Many of those recipients are going to be `high risk’ individuals, with comorbid conditions. A certain number of them are going to have a medical event; a heart attack, a stroke, a miscarriage, a seizure, an asthma attack . . . something, in the days and weeks following their vaccination.  

 

Overwhelmingly, the odds are that the vaccine will play no part in their illness, but many people will link the two anyway.   They won’t see it for the coincidence it is.

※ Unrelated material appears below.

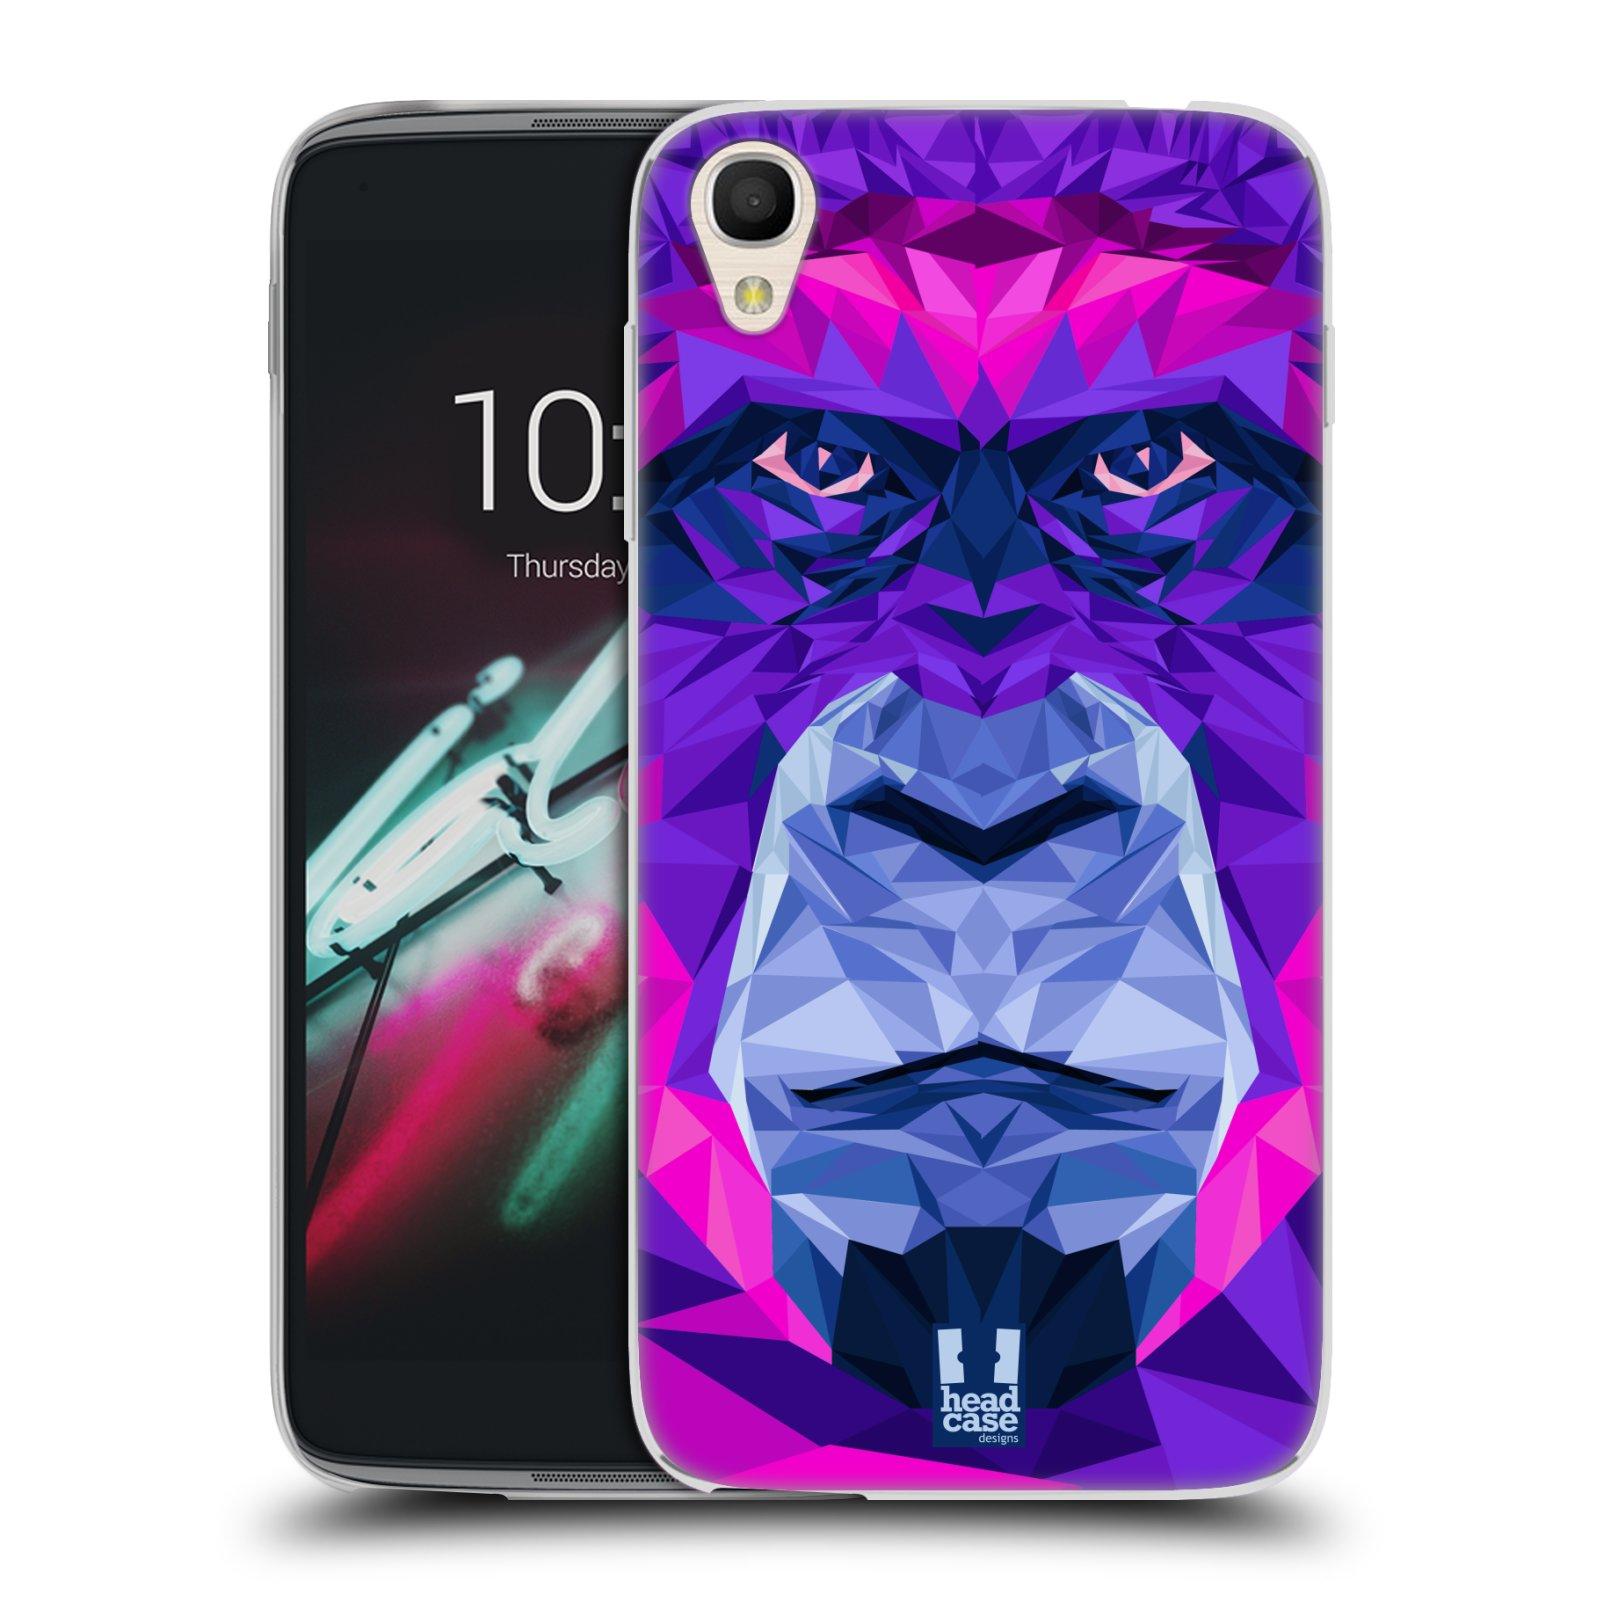 HEAD CASE silikonový obal na mobil Alcatel Idol 3 OT-6039Y (4.7) vzor Geometrická zvířata 2 Orangutan

Get a vaccine on Monday, and have a  miscarriage on Tuesday?  

 

It had to be the vaccine, right?


In the US, 2500 women miscarry each day.   Nearly 1 million women each year.    And that is without a pandemic vaccination program.    If we could vaccinate all of the pregnant women in the country today, tomorrow 2500 would still miscarry. 

 

And most would blame the vaccine.

 

Of course, there is no such thing as a completely benign drug.  And that includes flu vaccines.  

 

So doctors and scientists will be on the lookout for any signs that the pandemic vaccine is having adverse effects. But as they do, they must keep in mind the following statistics.

image

 

The much feared GBS (Guillain Barre Syndrome) afflicts more than 5,500 people each year.   If half the country takes the vaccine, then we could reasonably expect about 700 cases of GBS to develop in vaccine recipients within 90 days of their vaccination.

 

And that would have nothing to do with the vaccine.

 

The possibility exists, however, that this vaccine could produce adverse side effects.  And so it is important to monitor the number of cases of GBS, and miscarriages, and strokes among vaccine recipients so we could detect any changes in the pattern.

 

In July, I wrote a post called Flu Math where I compared the mortality rate of the much maligned 1976 swine flu vaccine with this H1N1 pandemic virus.  Even assuming a very low CFR (Case Fatality Ratio) for this virus, the odds overwhelmingly favor taking the vaccine.

 

But if you are uncomfortable with the idea of taking the vaccine, and would rather take your chances with the virus, I do understand. 

 

After all, despite knowing the odds, I still buy the occasional lottery ticket (Hope springs eternal).

 

I’m heartened to see that many of the mainstream press outlets are talking about these background rates of disease, and how we can’t automatically assume that adverse medical events are linked to getting the vaccine.  Hopefully those stories will continue to run as the vaccine is rolled out.

 

But I fully expect that some of the more `tabloid’ aspects of the media are going to try to link the vaccine to adverse medical events in order to draw viewers or sell papers.   

 

This is the scenario I wrote about in Public Health’s Biggest Pandemic Challenge, and what I worry about most with this vaccination program; that people will shun the vaccine because of undeserved bad publicity.

 

And should this vaccine should be shown to increase the incidence of  __________ (fill in the blank), that would still have to be put up against the costs of the virus.  

 

And right now, the swine flu virus is hospitalizing thousands of people each month here in the US, and killing hundreds.  Those numbers are only expected to climb.

 

Which makes my personal risk-reward analysis for taking the vaccine decidedly in favor of the jab.